Although some may say the appearance of the wine is the least important aspect with regard to the senses, it is still worth noting. When examining appearance, we are looking for clarity and color. We want the wine to be free of any sediment, leaving it clear and brilliant. Red wines tend to lose their color as they mature, while white wines tend to grow darker with age. A good quality wine generally will be intense in color. The "legs" seen running down the sides of a glass after being swirled, are an indication of flavor density. It is best to use a plain white background, and tilt the glass slightly as you observe clarity and color.
Merlot (pronounced Mare-LOW)
Merlot is the most widely planted red grape in France’s Bordeaux region, although it is eclipsed in stature by cabernet sauvignon, the grape with which it is routinely blended. In recent years, Merlot has enjoyed a explosion in popularity, especially in the United States, South America, Italy and Australia. In California, plantings have risen from 4,000 acres in 1988 to over 50,000 today.

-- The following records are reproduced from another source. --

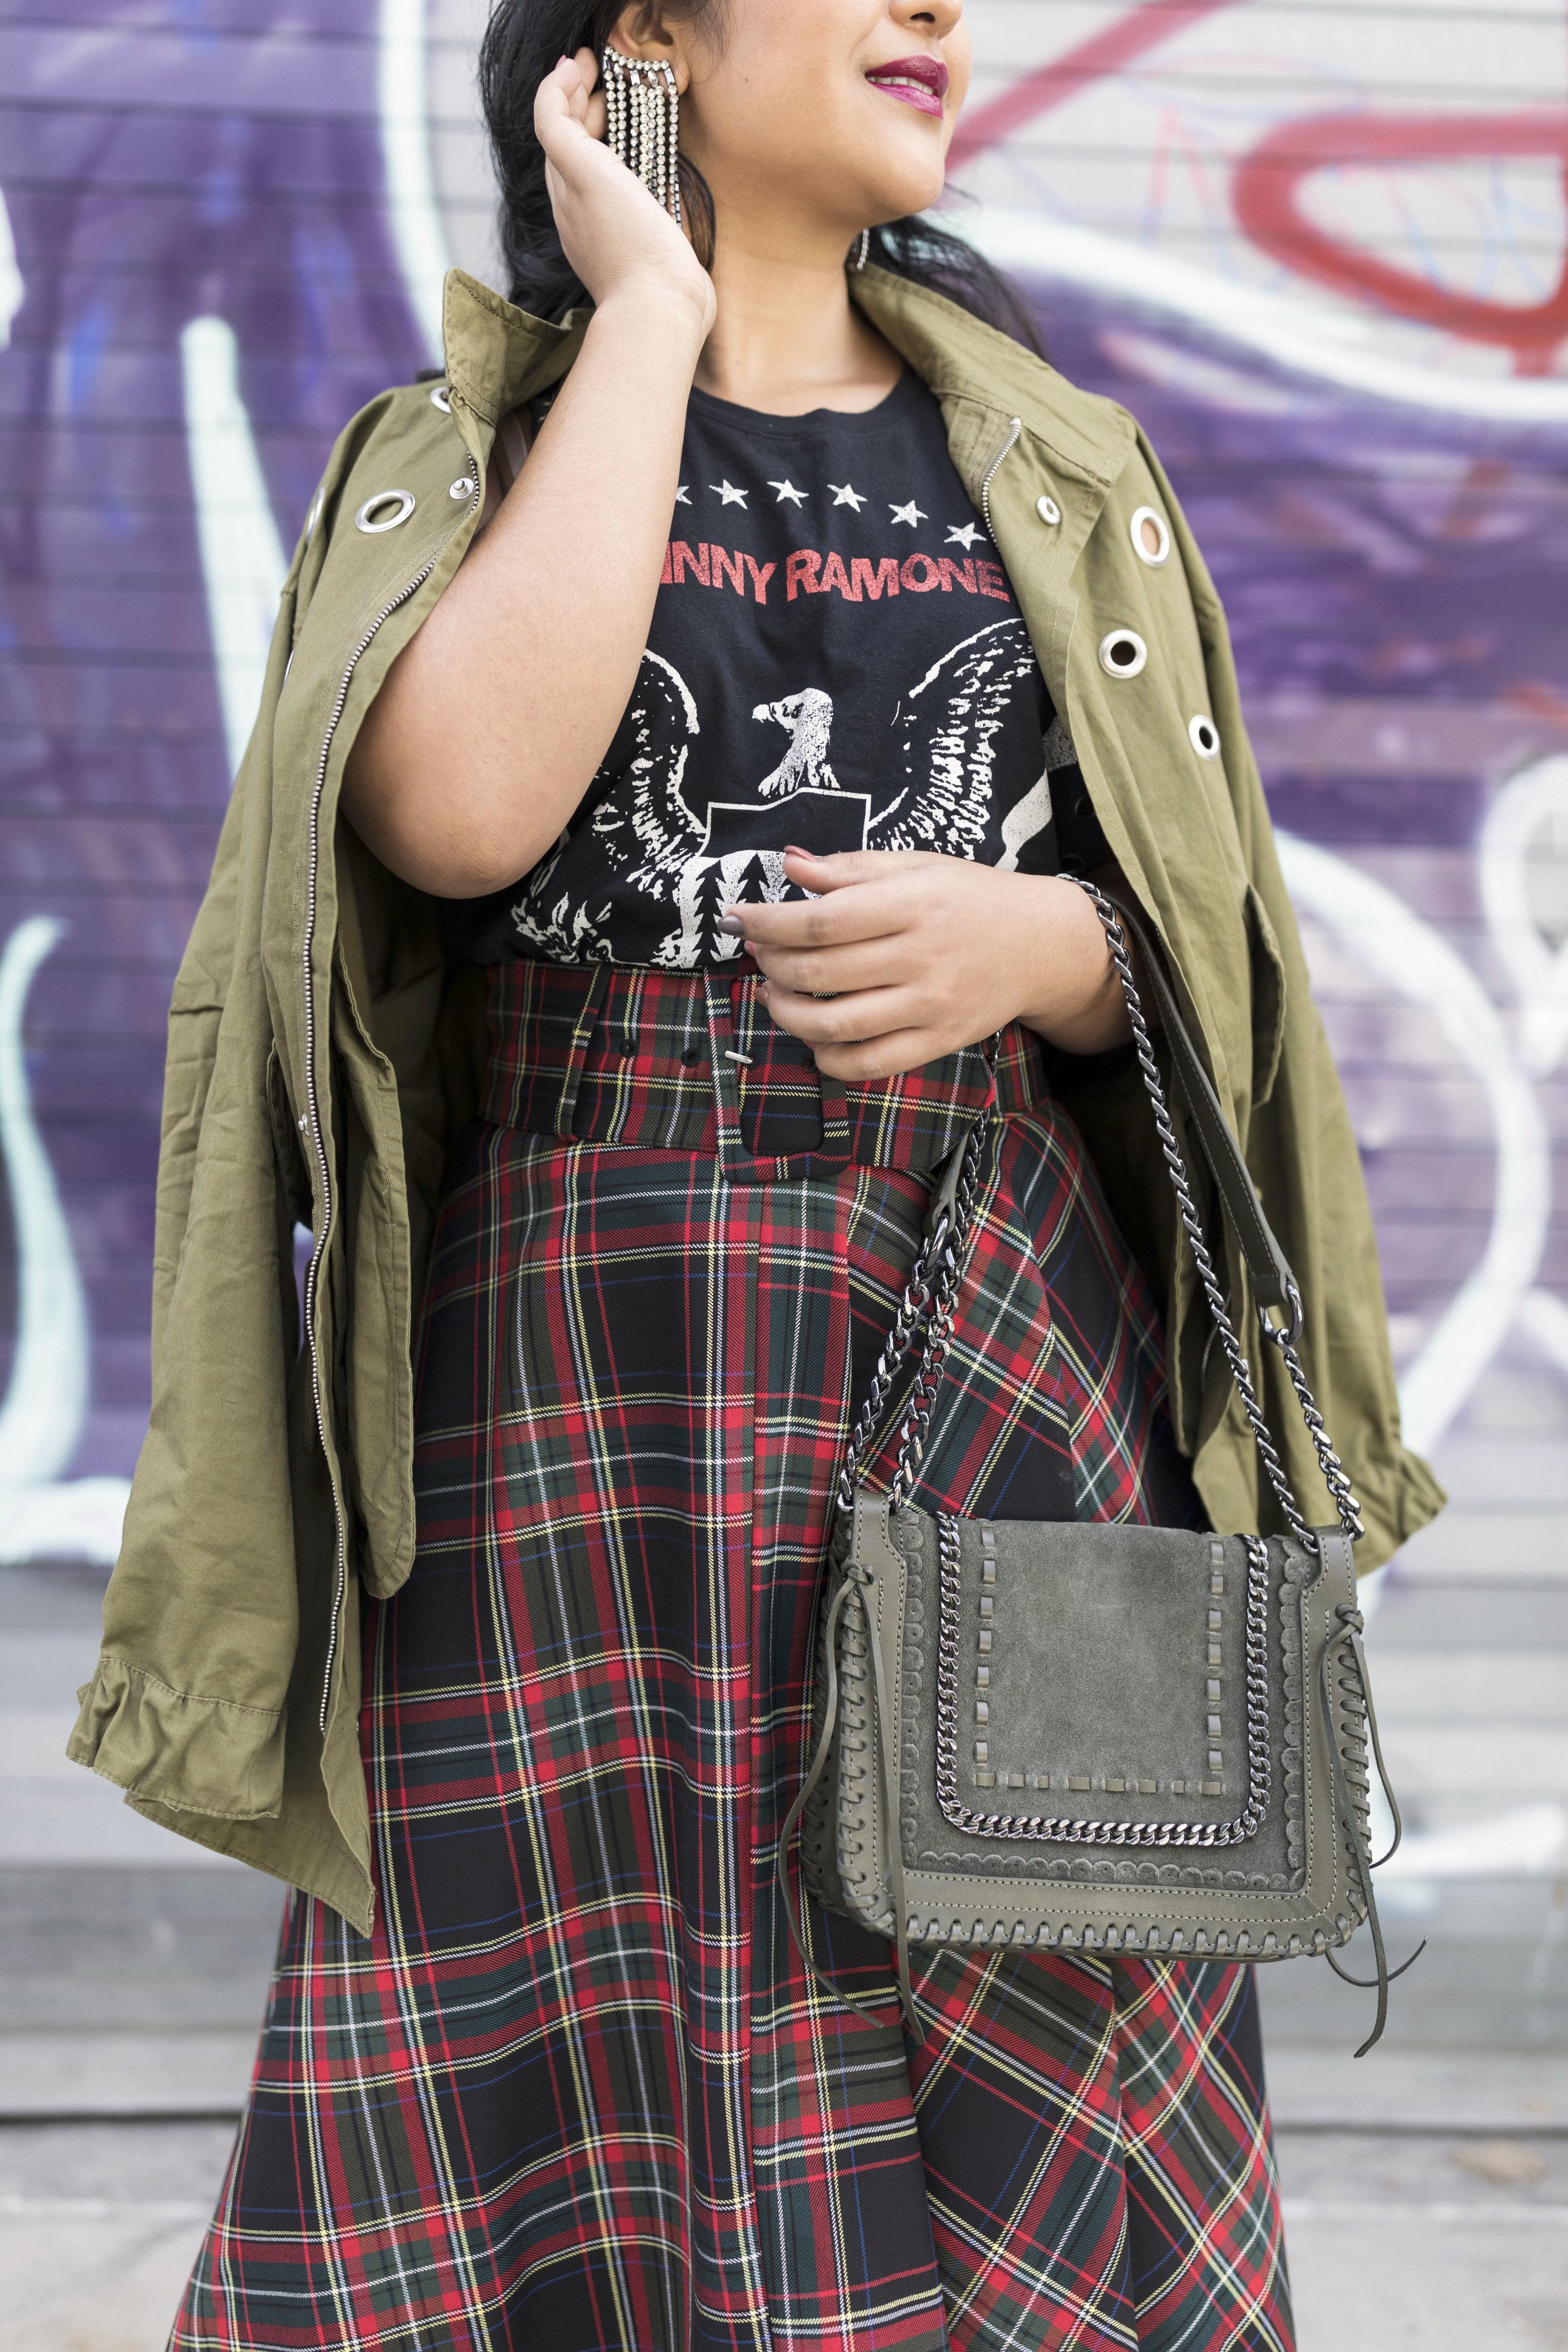 Krity S x Fall Trends x Plaid with a Punk Twist13.jpg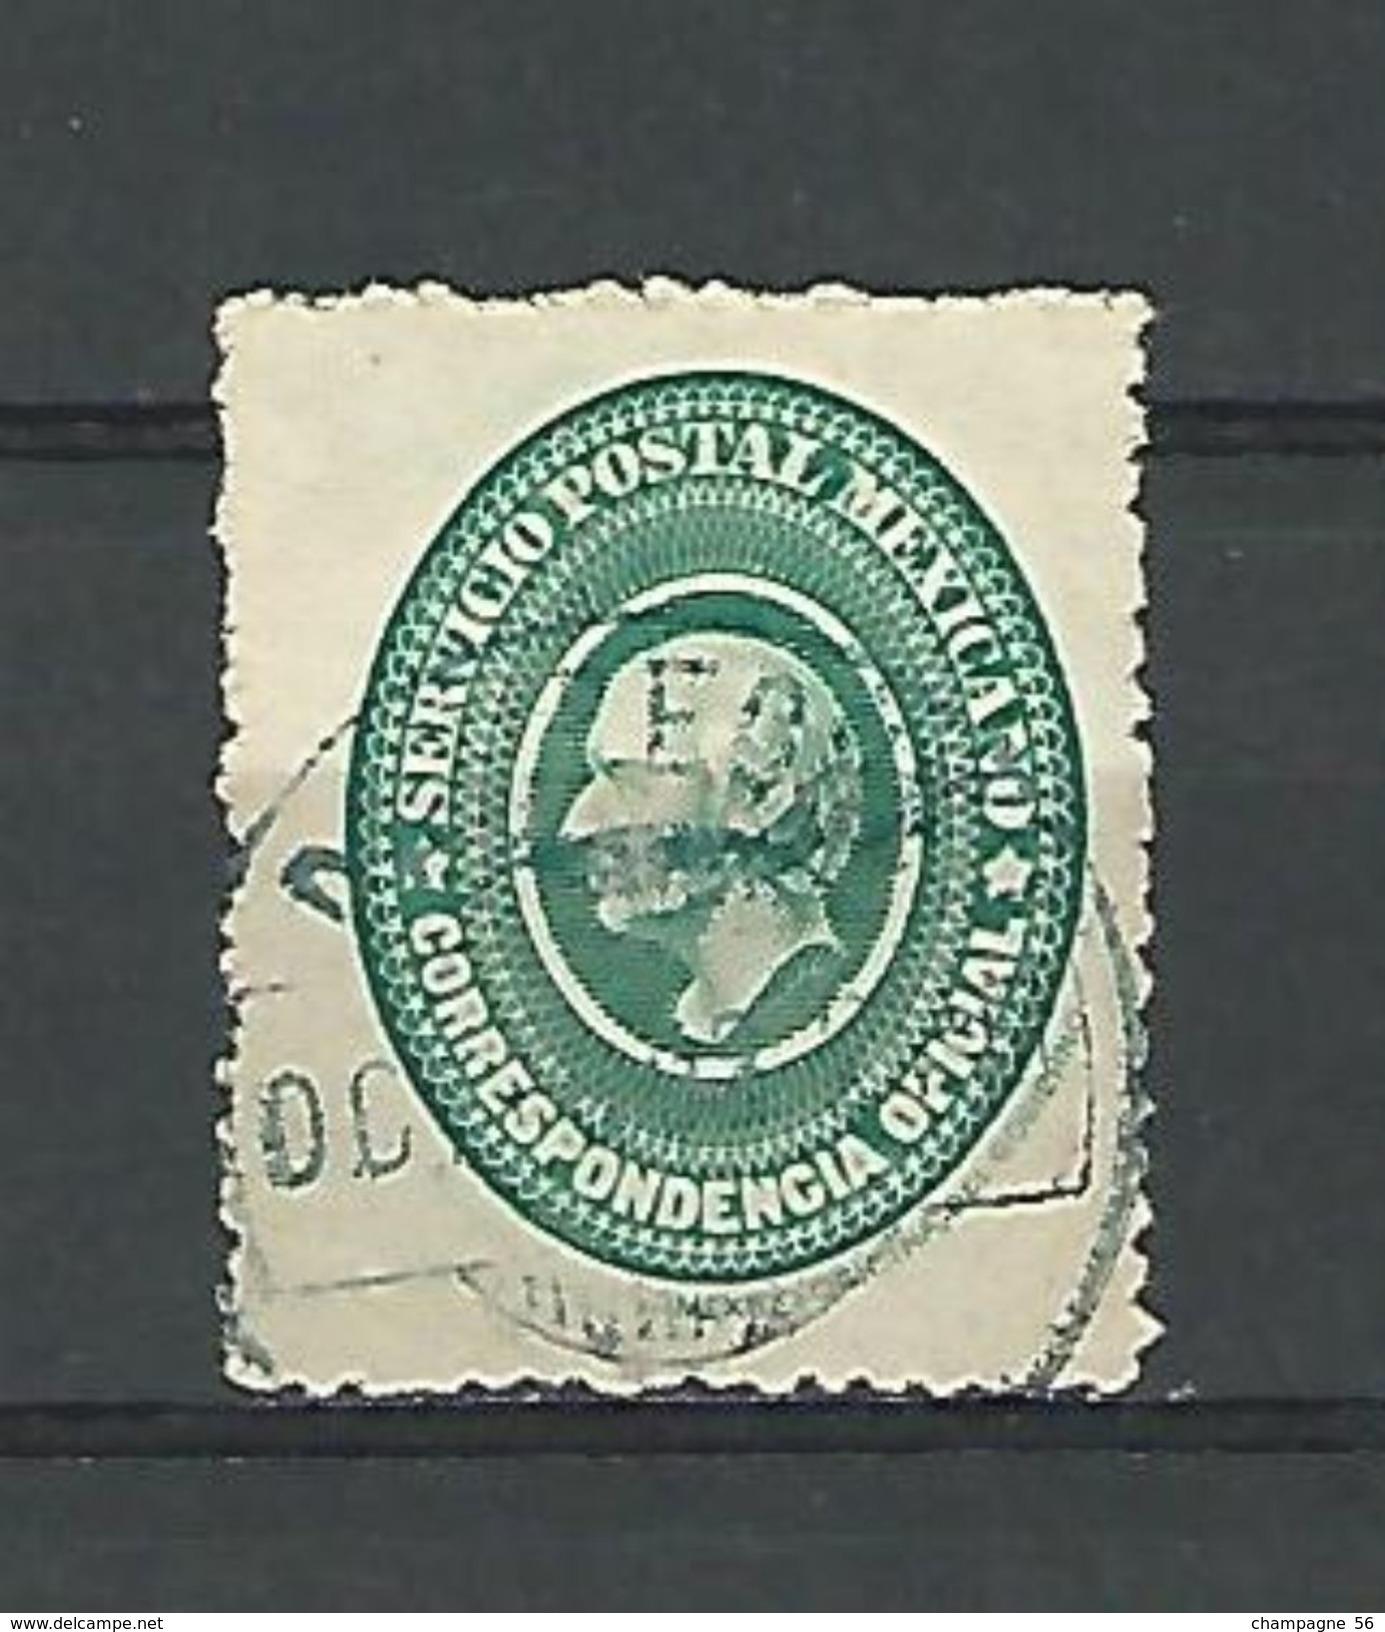 1884 N° 4 TIMBRES DE SERVICE MIGUEL HIDALGO VERT   CORRESPONDENCIA OFICIAL  OBLITÉRÉ DOS CHARNIÈRE - Mexico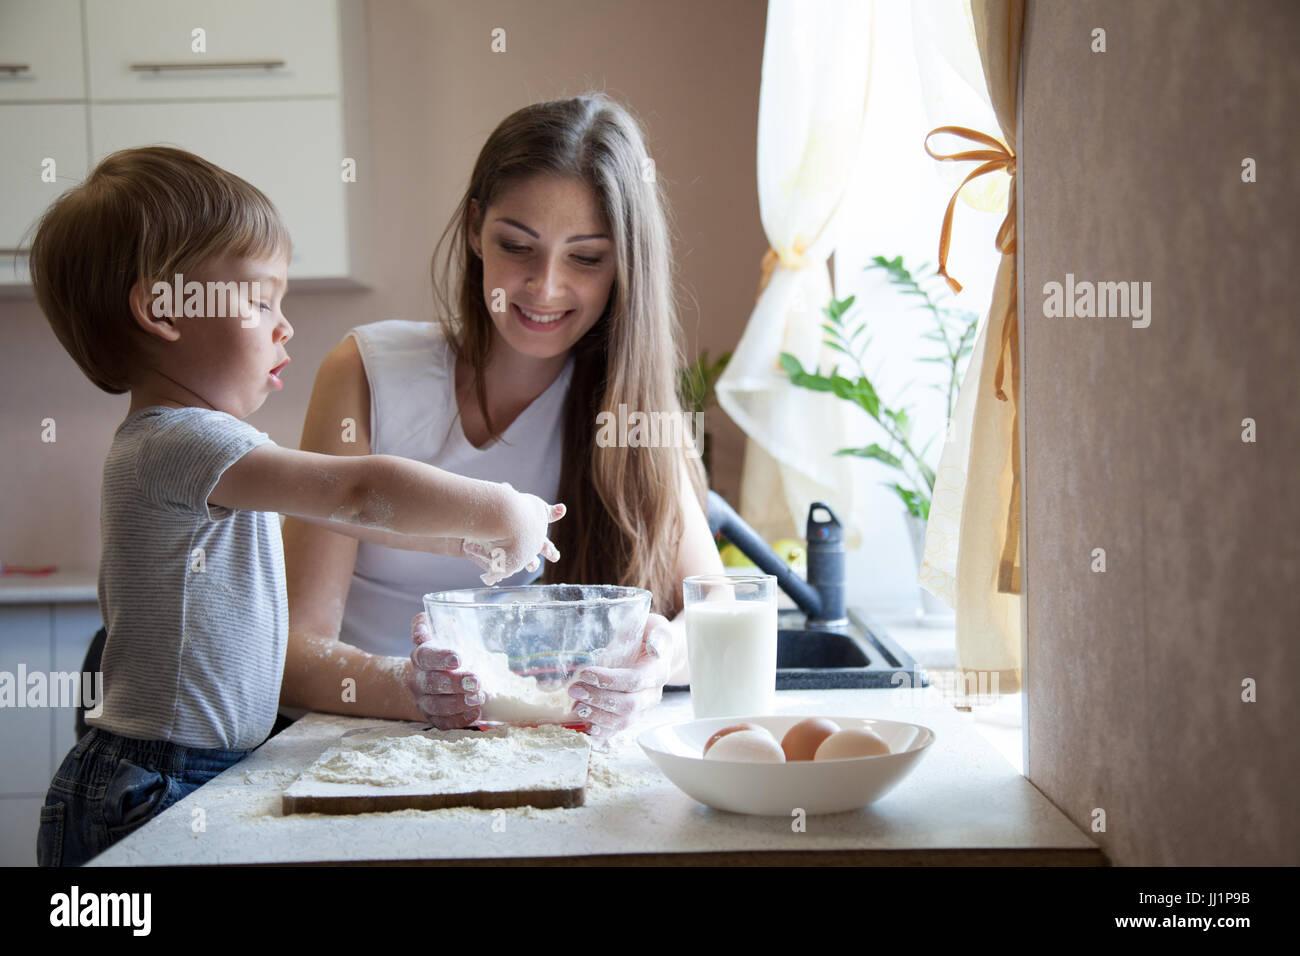 Madre e hijo preparar tarta con harina Imagen De Stock

A thin-skinned variety, merlot ripens earlier in the season then cabernet sauvignon and is less hardy, prone to a variety of ailments from shatter (the loss of potential fruit during flowering of the vine) to rot and mildew. It is more adaptable to cool climates than cabernet sauvignon, but similarly prefers a relatively warm growing environment.
Merlot’s popularity is due to the fact that it is softer, fruitier, and earlier-maturing than cabernet sauvignon, yet displays many of the same aromas and flavors – black cherry, currant, cedar, and green olive – along with mint, tobacco and tea-leaf tones. Although enjoyable as a varietal wine, it is probably most successful when blended with cabernet sauvignon, which contributes the structure, depth of flavor, and ageability merlot lacks.
Like cabernet, merlot is a good accompaniment to simply prepared beef and lamb dishes.